By Phil Lawler (bio - articles - email) | Jul 31, 2014

For a Christians, it seems, immigration is—or should be—a complicated issue. On the one hand, charity compels those of us who are comfortable to help those who are in need, including those who seek to escape from poverty, crime, or persecution. On the other hand, a legitimate concern for preserving our own law and culture require us to set some restrictions on immigration, lest it become a virtual invasion.

Recently I came across a statement that puts the matter nicely in perspective. It would be nice to see the same balance in statements that issue from Catholic leaders both in the hierarchy and on Capitol Hill. The statement first acknowledges the demands of charity….

The more prosperous nations are obliged, to the extent they are able, to welcome the foreigner in search of the security and the means of livelihood which he cannot find in his country of origin.

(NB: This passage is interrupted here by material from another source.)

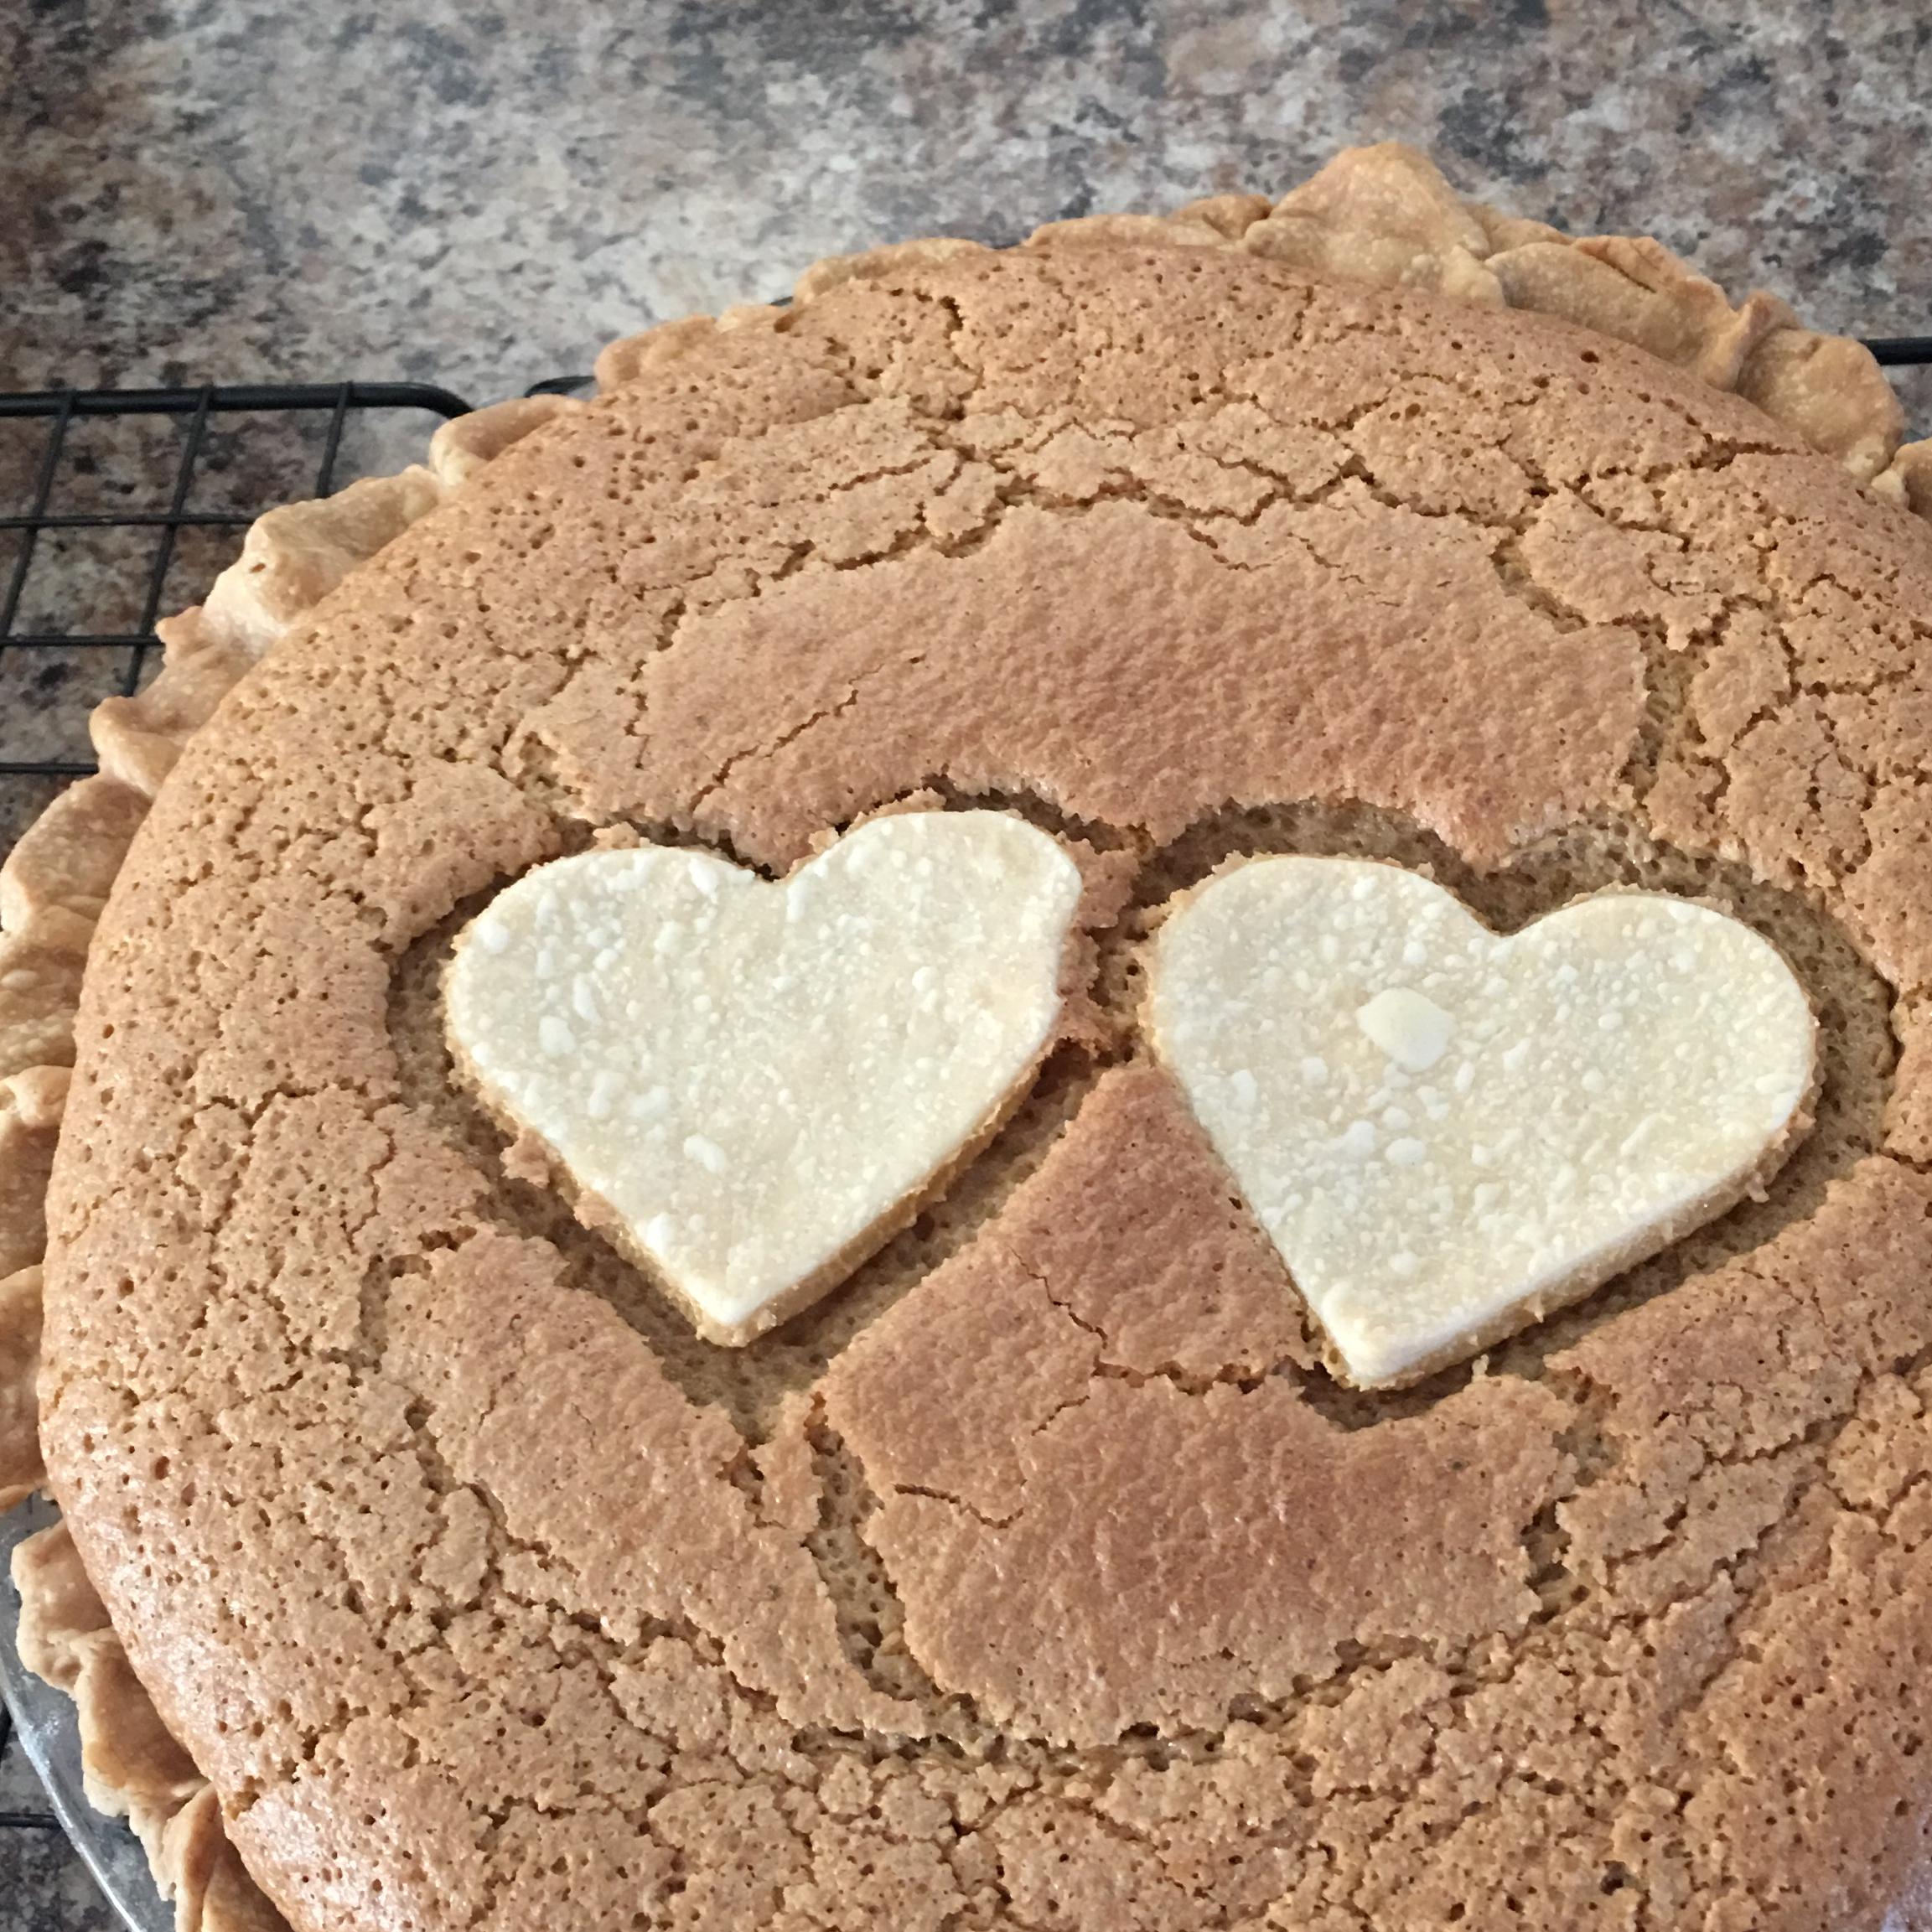 Quebec City Sugar Pie with Thick Cream image

Public authorities should see to it that the natural right is respected that places a guest under the protection of those who receive him.

… and then acknowledges the need for controls:

Political authorities, for the sake of the common good for which they are responsible, may make the exercise of the right to immigrate subject to various juridical conditions, especially with regard to the immigrants' duties toward their country of adoption. Immigrants are obliged to respect with gratitude the material and spiritual heritage of the country that receives them, to obey its laws and to assist in carrying civic burdens.

A nice balance, don’t you think? Wouldn’t the statements from the US bishops’ conference carry more weight if they included that perspective—recognizing the obligation of immigrants to obey the law, for instance? So why don’t we hear this sort of balanced perspective from Catholic leaders?

Oh, wait. We do.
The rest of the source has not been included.